PROBLEM REQUIREMENTS: Repeat each record exactly as written, and drop any images.

[Dataset records]
BEGIN
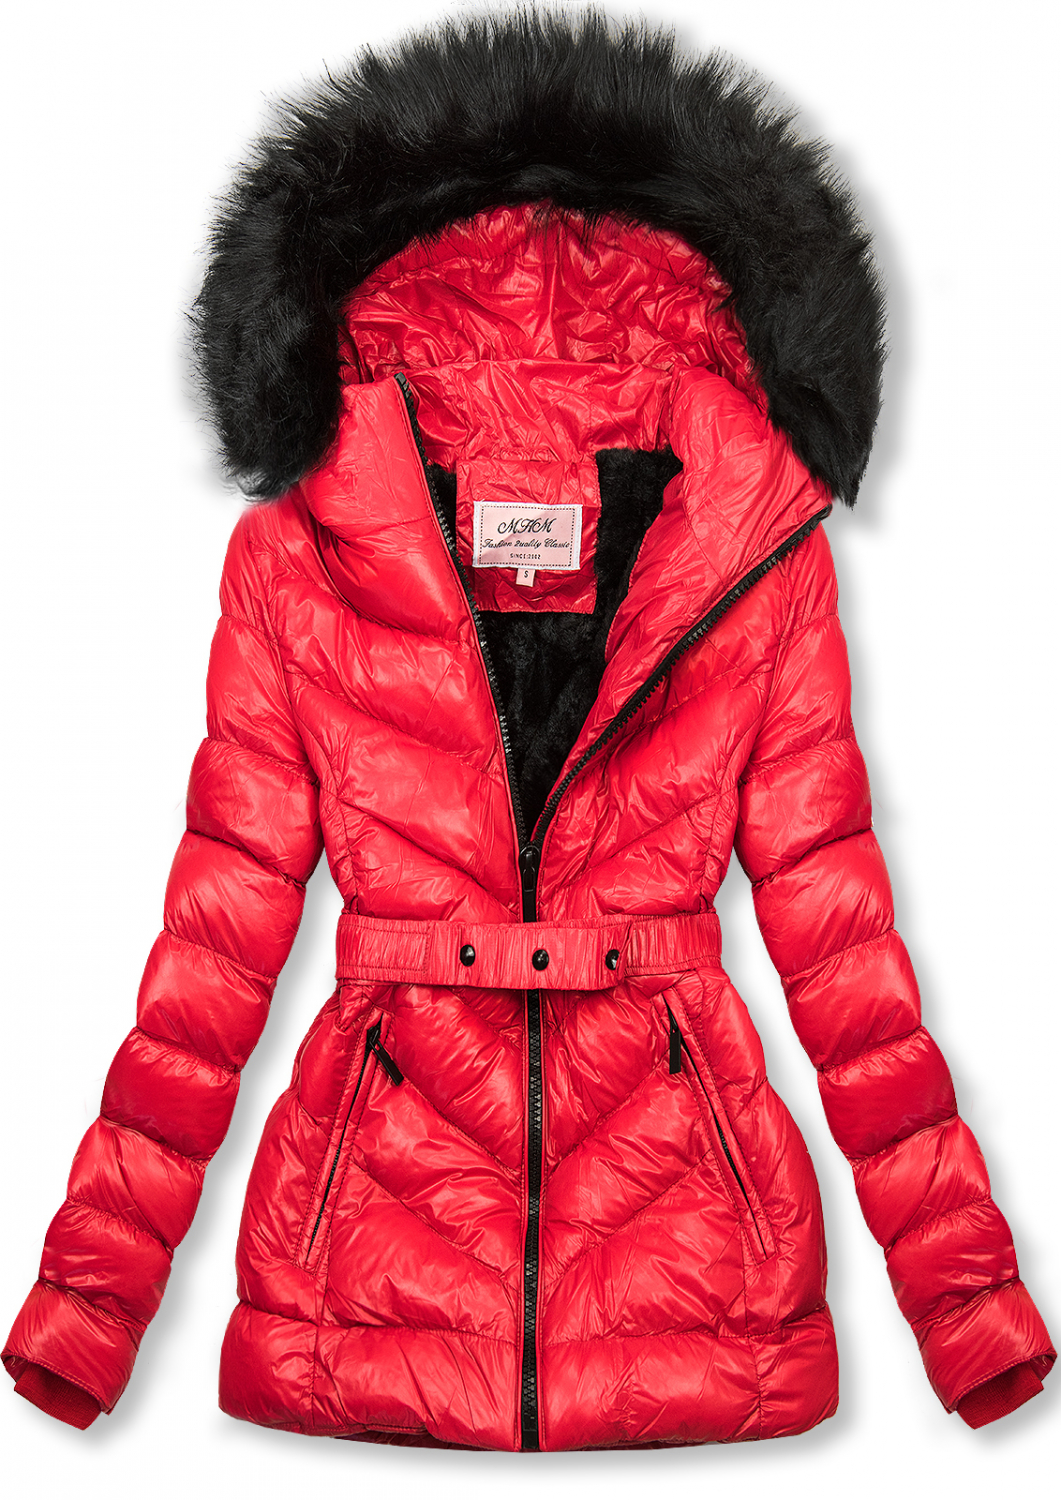 Červená zimná krátka bunda s čiernou kožušinou.
- neodopínateľná kapucňa
- odnímateľná kožušina
- zapínanie na zips
- v prednej časti 2 vrecká 
- vnútro zateplené plyšom
- s opaskom
- materiál: 100% polyester, podšívka: 100% polyester
END
SOLUTION TO THIS TASK:
 Červená zimná krátka bunda s čiernou kožušinou.
- neodopínateľná kapucňa
- odnímateľná kožušina
- zapínanie na zips
- v prednej časti 2 vrecká 
- vnútro zateplené plyšom
- s opaskom
- materiál: 100% polyester, podšívka: 100% polyester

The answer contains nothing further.